Dienstag, 05.09.17 Petrosani – Tetila – Novaci – Urdelepass – Obarsia Lotrului – Valea Macesului – Brezoi – Calemanesti – Talmesch – Sibiu/Hermannstadt (311 km)
Wir sind gegen acht Uhr aufgestanden und haben uns fertig gemacht. Dann noch einen Kaffee zum Frühstück getrunken, anschließend haben wir Abschied vom gemütlichen Haus genommen. Pünktlich um neun war unsere Vermieterin zwecks Übergabe zur Stelle. Ein kurzes bye-bye und Drum Bun und los gings, zunächst den Berg runter und dann nach Petrosani um zu Tanken und dann noch ein kleines Frühstück zu uns zu nehmen.
Danach gings los grobe Richtung Targu Jiu, wir wollen heute über die Transalpina nach Sibiu/Hermannstadt. Kurz hinter Petrosani fing die Strecke schon richtig gut an, die hier durch den Nationalpark Difileul Jiului führt. Eine gut ausgebaute kurvige Straße durch ein enges Tal entlang eines wilden Gebigsflusses. So macht der Start in den Tag auf dem Mopped Spaß!
Das ging so gut eine Stunde bis wir auf eine Hochebene kamen. Sie sah auf den ersten Blick normal aus, aber beim genaueren Hinsehen konnte man Spuren eines Tagebaus sehen. Kohle wird es eher nicht gewesen sein, ich würde auf Kiesabbau tippen.

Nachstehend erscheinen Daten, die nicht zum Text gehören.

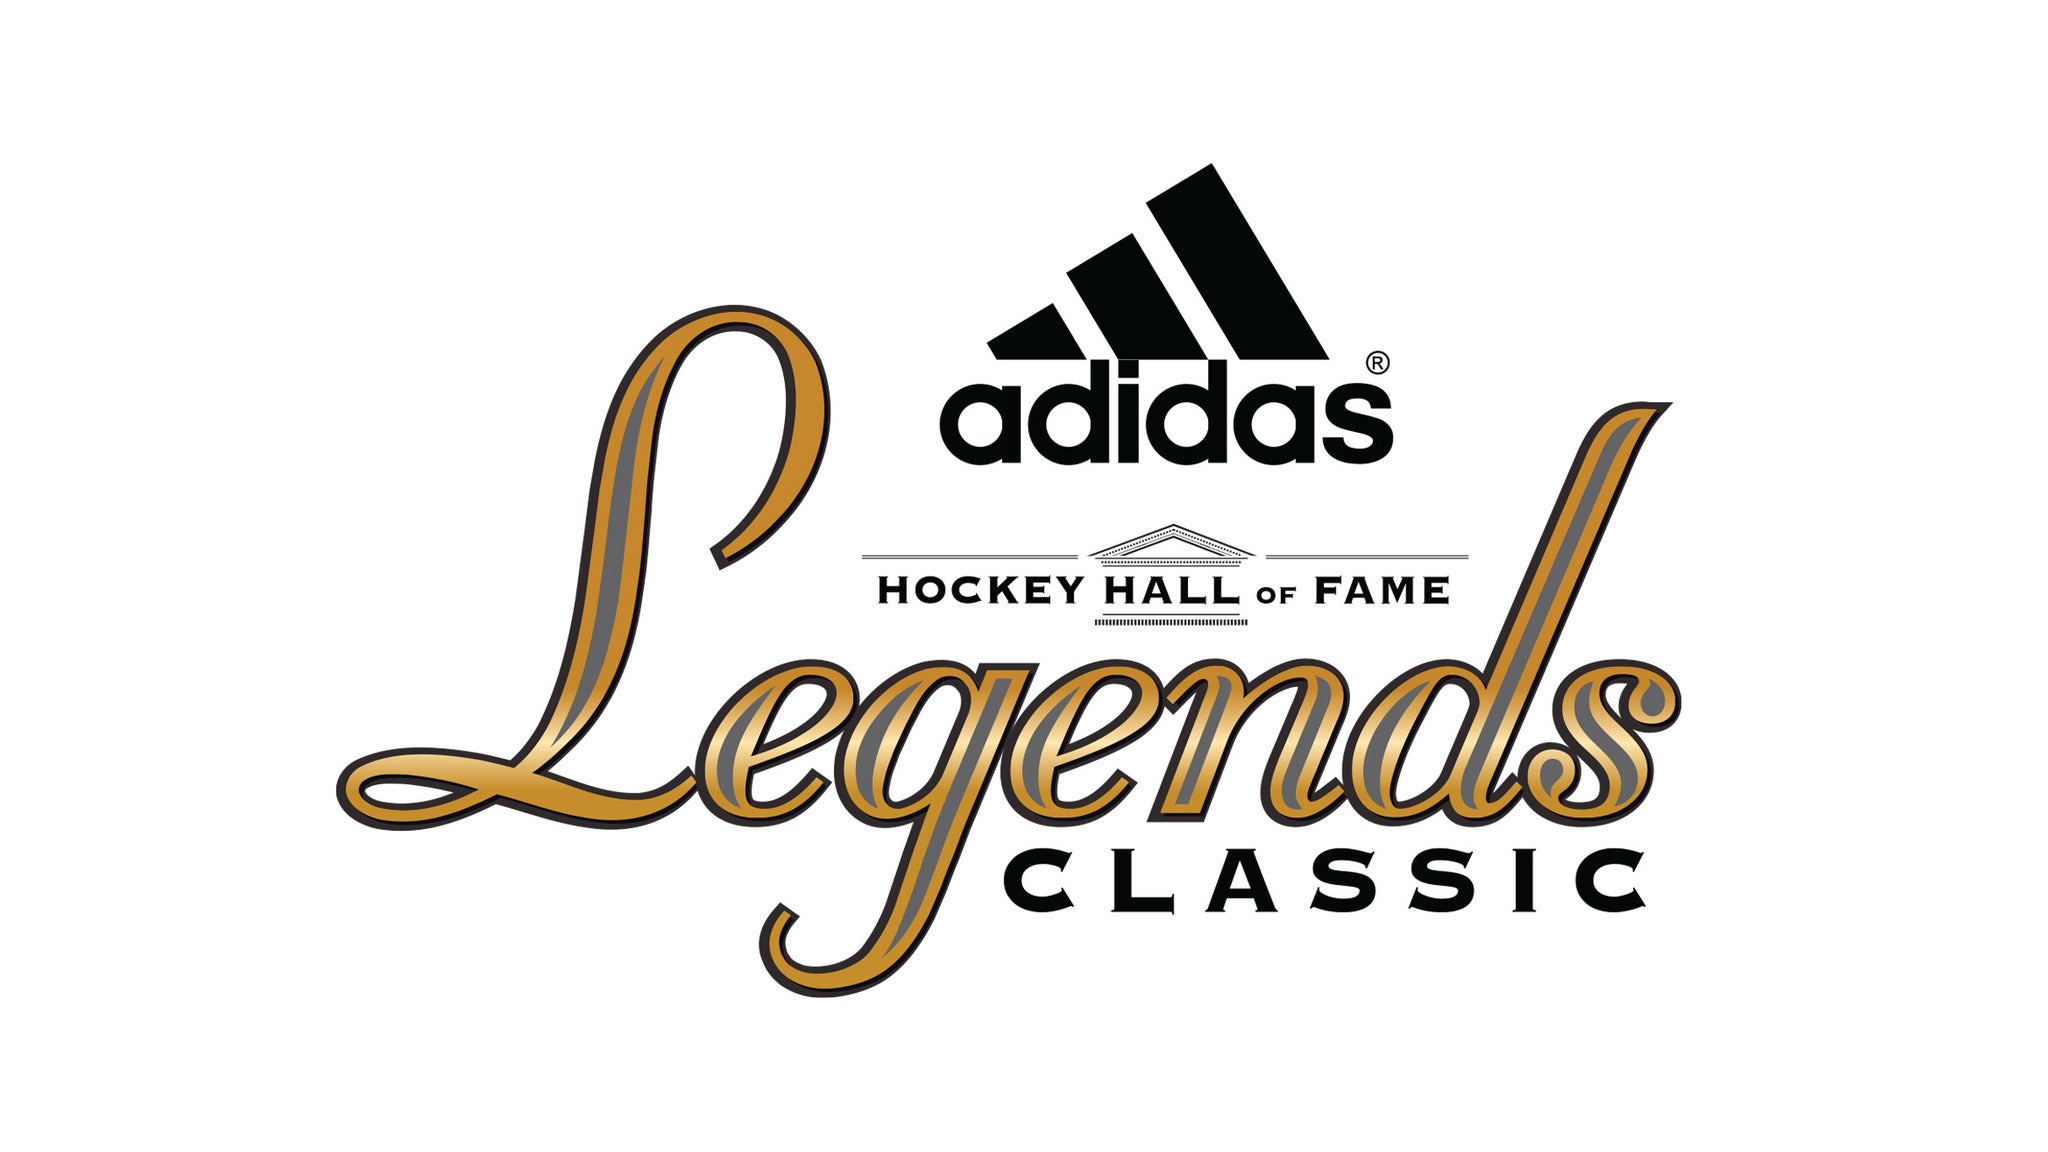 Hyundai Hockey Hall of Fame Legends Classic presale information on freepresalepasswords.com

Nach wenigen Kilometern ging es bei Tetila dann links ab und wir folgten einer kleinen Straße durch hügeliges Kulturland Richtung Novaci. Hier sahen wir auch zum ersten Mal kleine Dörfer, die überwiegend von Sinti oder Roma bewohnt wurden. Meist waren die Häuser eher ungepflegt und auch die Grundstücke waren nicht wirklich präsentabel. Dazwischen immer wieder recht prächtige Neubauten im „Zuckerbäckerstil“. Die bisher durchfahrenen Dörfer Rumäniens wirkten dagegen deutlich ordentlicher und sauberer. Bald änderte sich das Bild und die Dörfer sahen wieder deutlich besser aus. Auch die Kleidung der Menschen wirkte ordentlicher.

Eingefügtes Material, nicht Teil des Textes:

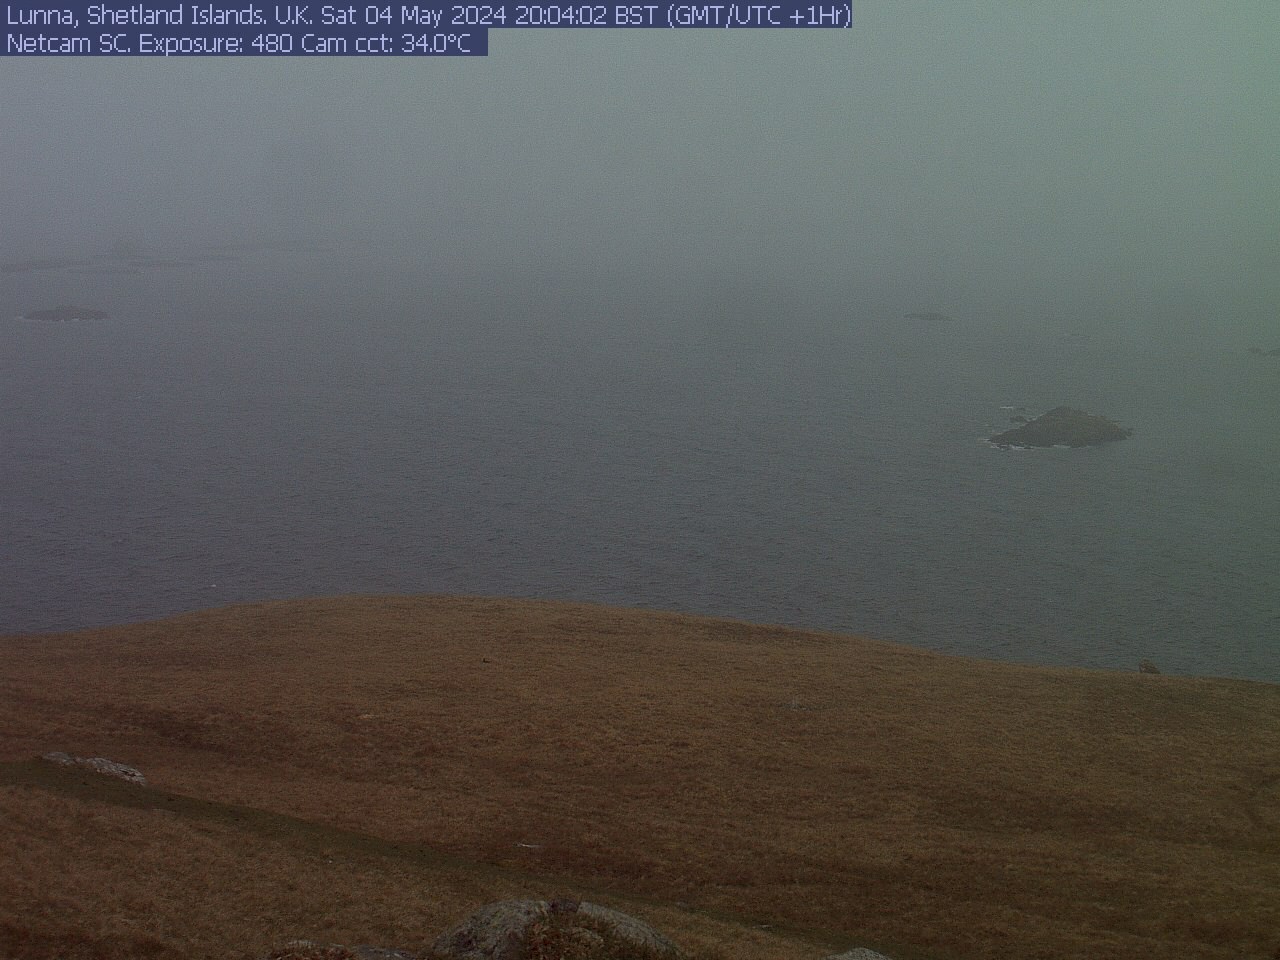 (Lunna House, Shetland - Webcam Image)

Dann kam die Abzweigung zur Transalpina, die Berge waren schon deutlich zu sehen und es schnell begann der Aufstieg. Schön geschwungene Kurven und guter Asphalt führten uns nach oben. Dazu ein strahlend blauer Himmel und gute Sucht über die Berge und die weite Ebene in unserem Rücken: die Walachei! Höhenmäßig nicht unbedingt spektakulär aber von der Anlage und dem Drumherum mehr als auf Augenhöhe mit den Alpenpässen! Fahrerisch angenehm anspruchsvoll genug aber doch noch so, dass man immer wieder das Auge über die schöne Landschaft schweifen lassen konnte.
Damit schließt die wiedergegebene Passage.